In Heilbronn hat man dieses Konzept nun auch verwirklicht. Erst sperrten sich CDU, FDP und SPD jahrelang gegen eine Markthalle in Heilbronn und haben auch sämtliche entsprechende Anträge — zuletzt den der Freien Wähler 2019 — im Gemeinderat abgelehnt, nur um jetzt mit dem so langsam aber sicher beginnenden Gemeinderatswahlkampf gemeinsam eine Markthalle für Heilbronn zu fordern.

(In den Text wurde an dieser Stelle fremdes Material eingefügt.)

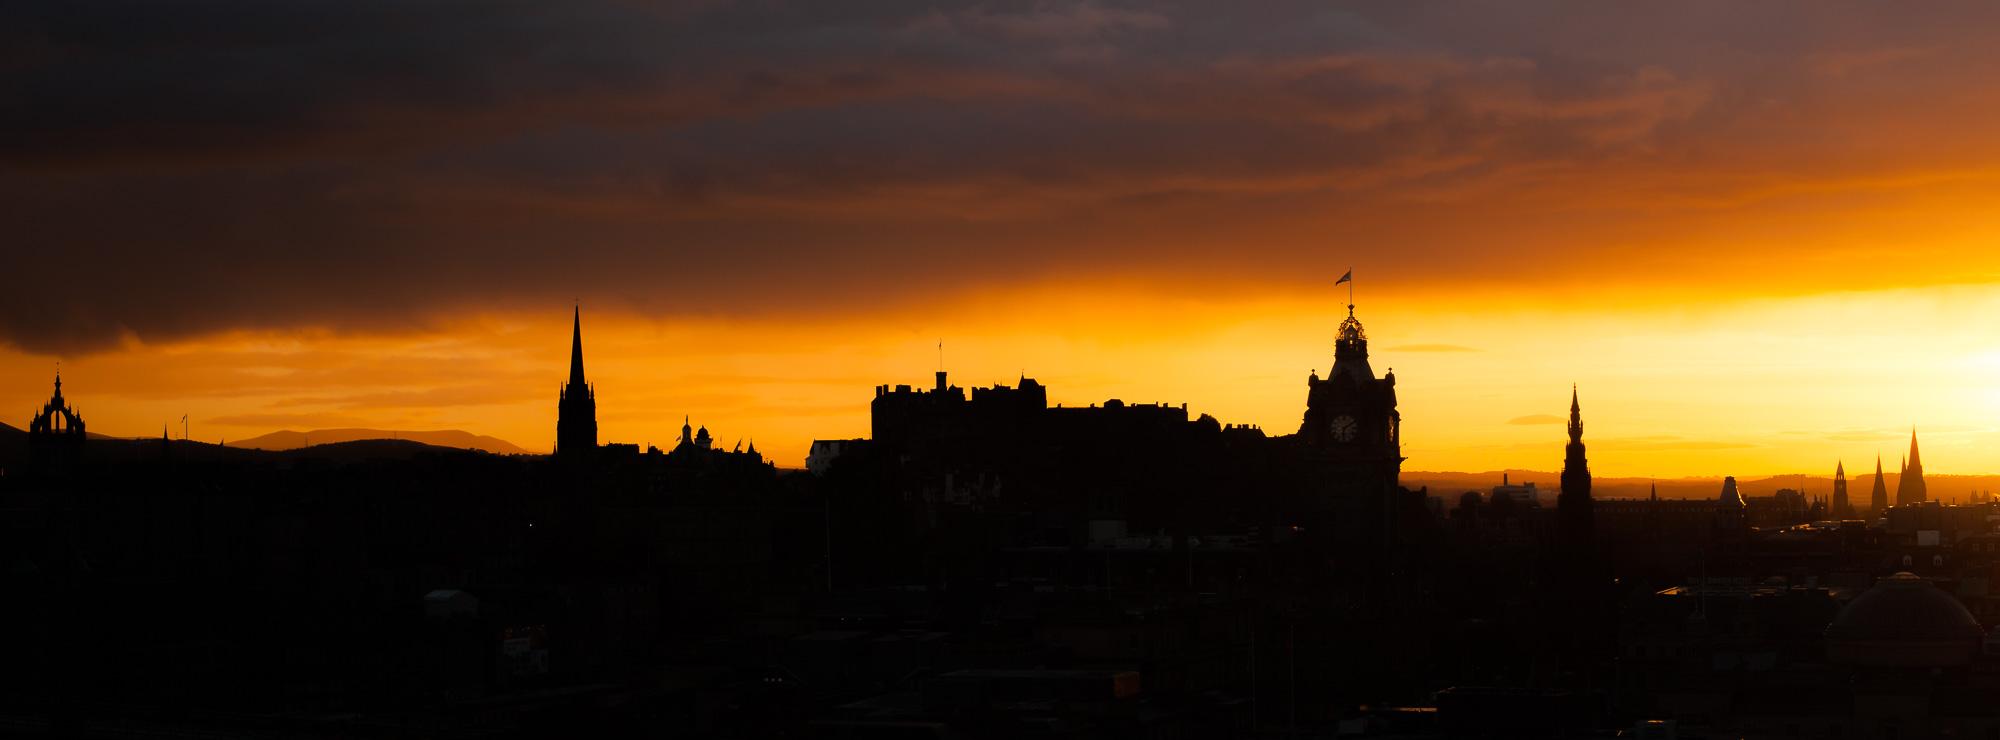 201510_Edinburgh_Stuart McMillan Photography_015.jpg

Und so können wir heute in der Heilbronner Stimme (11.3.2023: 28) lesen, dass genau diese drei Parteien Ende März einen solchen Antrag im Gemeinderat einbringen möchten. Unisono sprechen sie nun davon, dass sie „vielfältige Angebote“, „abwechslungsreiche Gastronomie“ und „eine attraktive und lebendige Innenstadt wollen.“ — was das alles mit einer Markthalle zu tun hat, können wohl nur ausgefuchste Lokalpolitiker verstehen.

Diese Stadträte könnten auch einmal mehrheitlich dafür sorgen, dass das Ordnungsamt seine Arbeit macht, die Stadtreinigung so langsam in die Puschen kommt und vor allem, dass einmal unsere Straßen in der Kernstadt, wie z. B. die Turmstraße oder die Lohtorstraße, saniert werden und wir zudem ein tragfähiges und zukunftsorientiertes Innenstadtkonzept bekommen — dazu gehört auch eine Markthalle.

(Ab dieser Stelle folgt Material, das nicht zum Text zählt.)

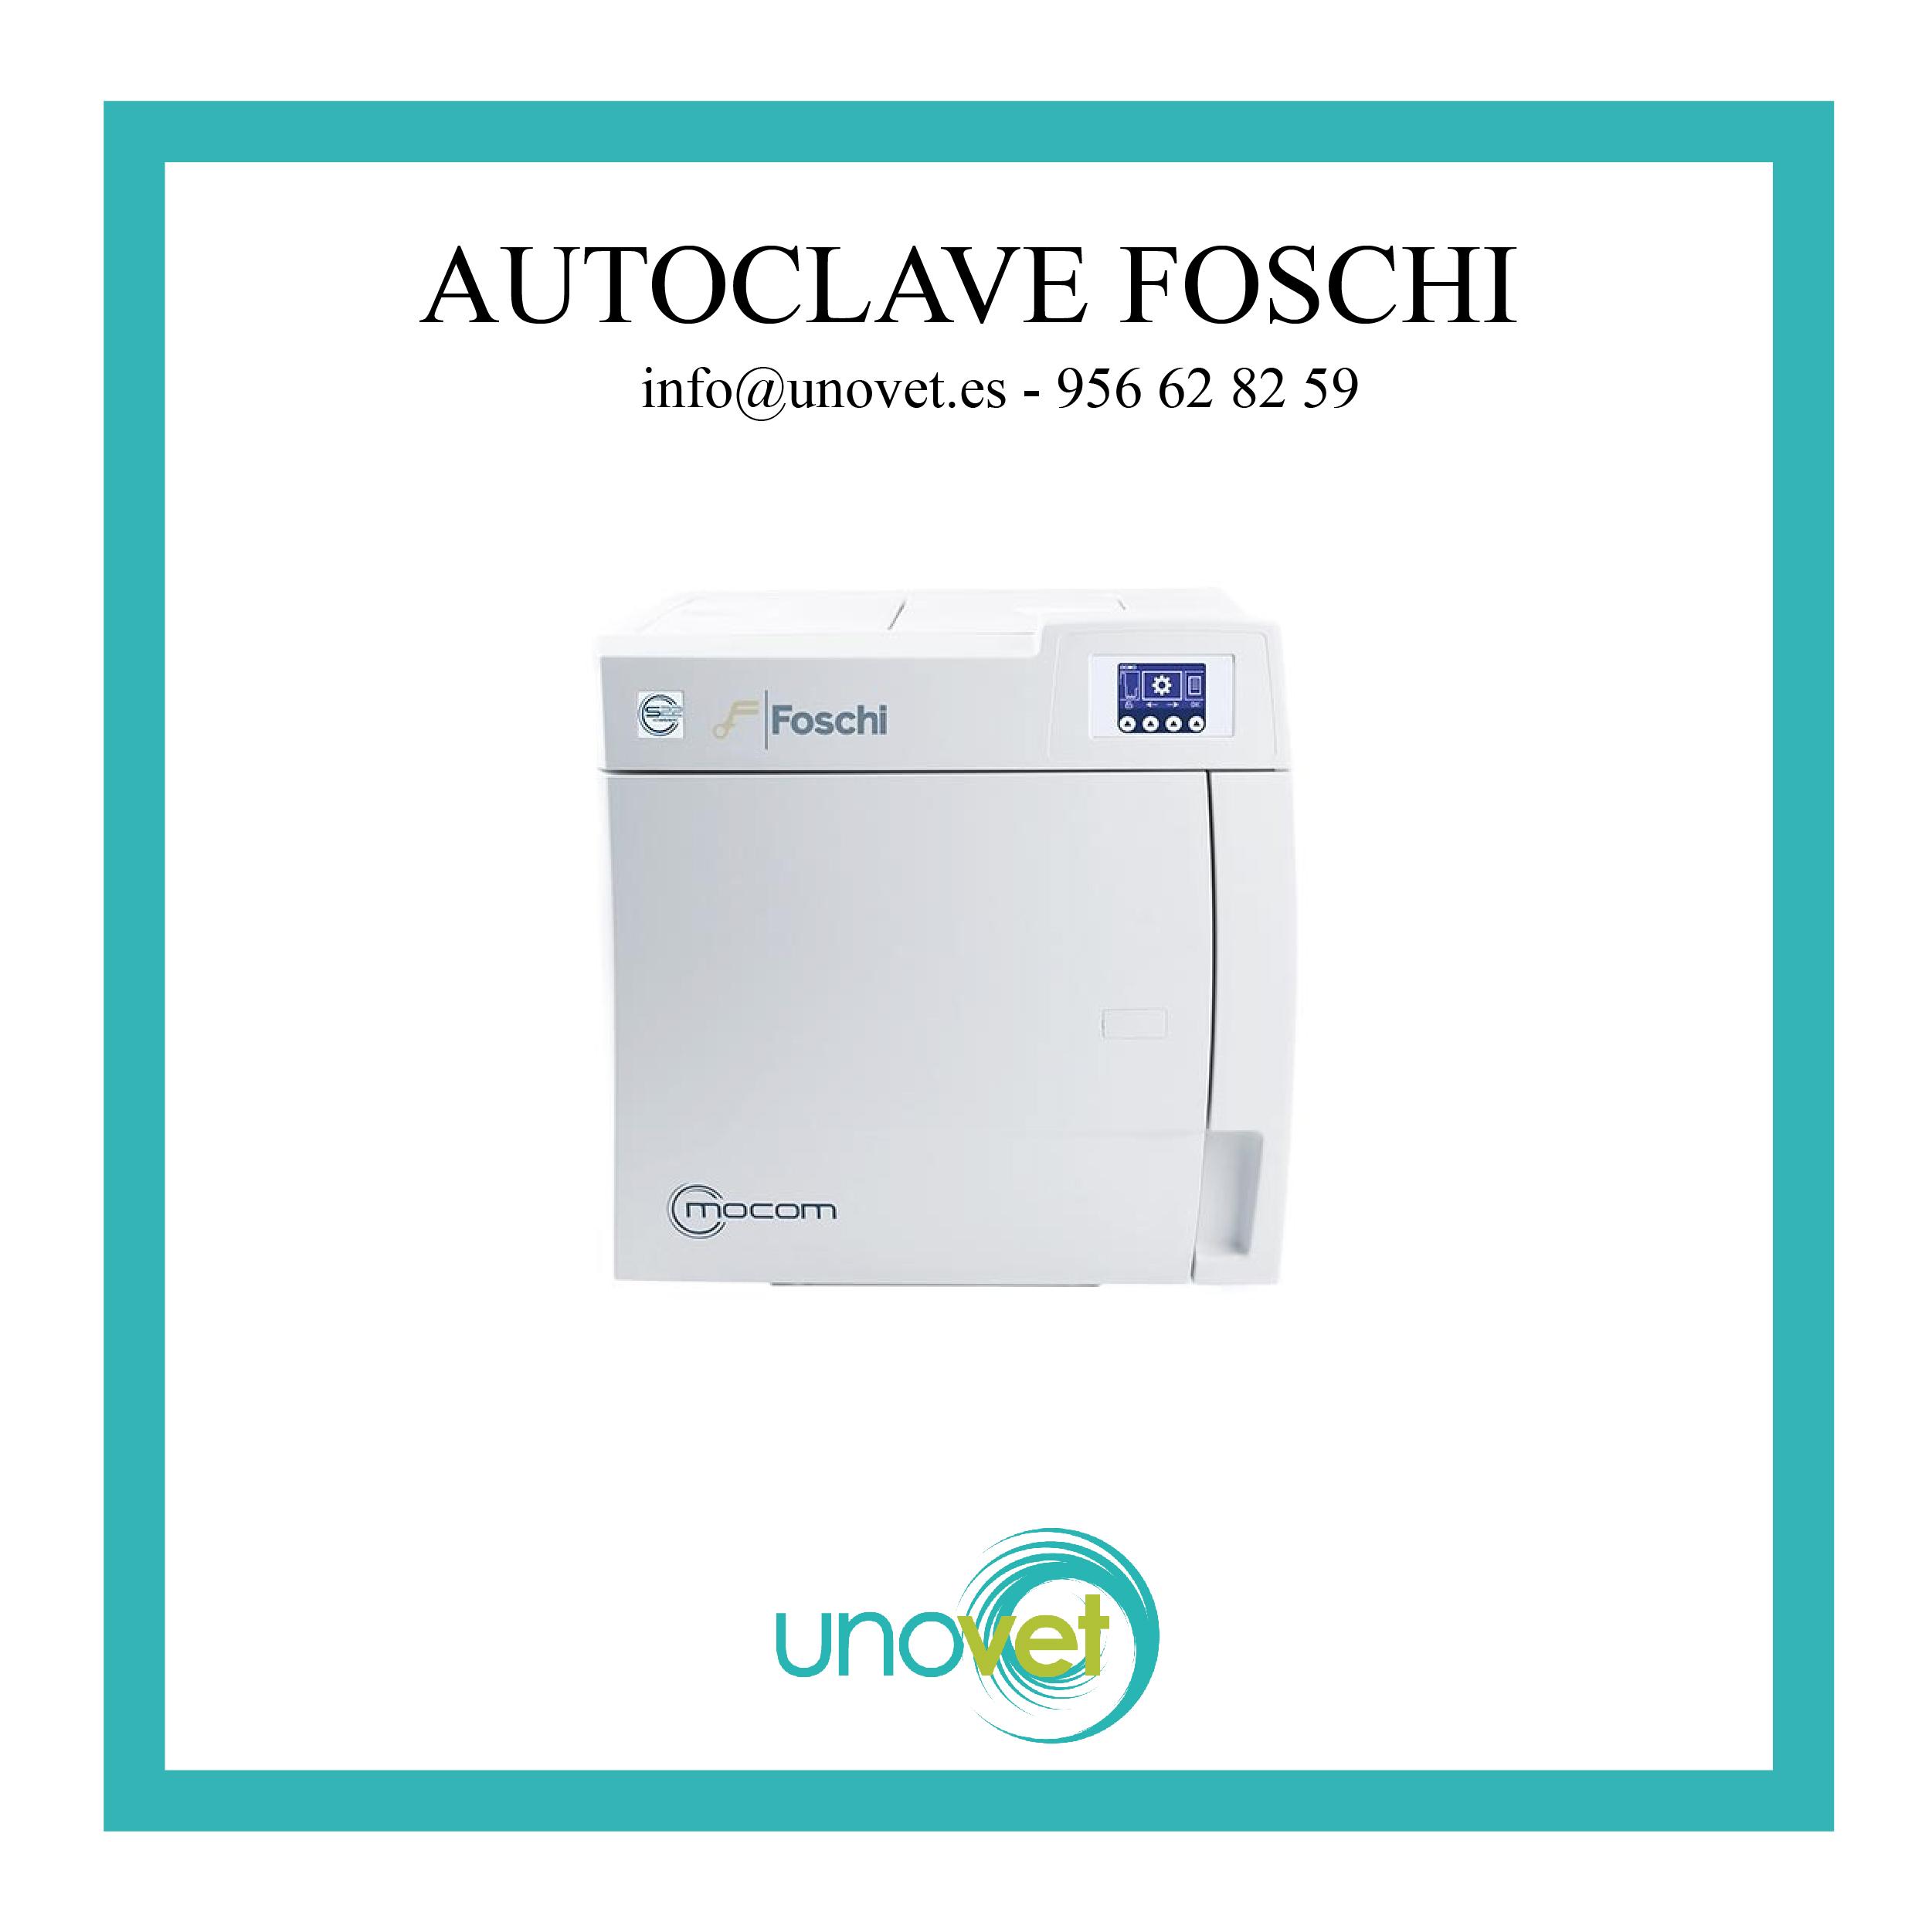 Catálogo autoclave

Immer nur erst abwarten, bis Dieter Schwarz Geld in die Hand nimmt, ist keine gute Stadtpolitik.

Schwerpunkte

Unsere Stadtverwaltung hat schon immer ihre Schwerpunkte, vor allem den eigenen Mitarbeitern muss es ganz besonders gut gehen. Schon lange können diese auf eine eigene Tiefgarage zurückgreifen, wohl schon länger auch sehr günstig mit den öffentlichen Verkehrsmitteln fahren und jetzt, da das Fahrrad auch in Heilbronn etwas populärer wird, bekommen die Mitarbeiter neue großzügige Umkleiden mit Duschen, damit sie sich von der Fahrt mit dem E-Bike standesgemäß erholen können.

Das Ganze soll uns Bürger in einer ersten Schätzung fast 400 000 Euro kosten, und dabei sind die laufenden Unterhaltskosten und die Ausfallzeiten der städtischen Mitarbeiter, denn die veranschlagten sechs Duschen wollen doch auch genutzt werden, nicht mit eingerechnet. Man hätte sich auch ein Beispiel am jüngst erstellten Bildungscampus nehmen können, denn da gibt es so etwas nicht — im Bildungscampus sind aber auch keine städtischen Mitarbeiter beschäftigt.

Und wer sich jetzt fragt, wo die 400 000 Euro überhaupt herkommen sollen, den kann ich beruhigen, denn dafür bekommt die Grünewaldschule die dringend benötigten neuen Fenster nicht.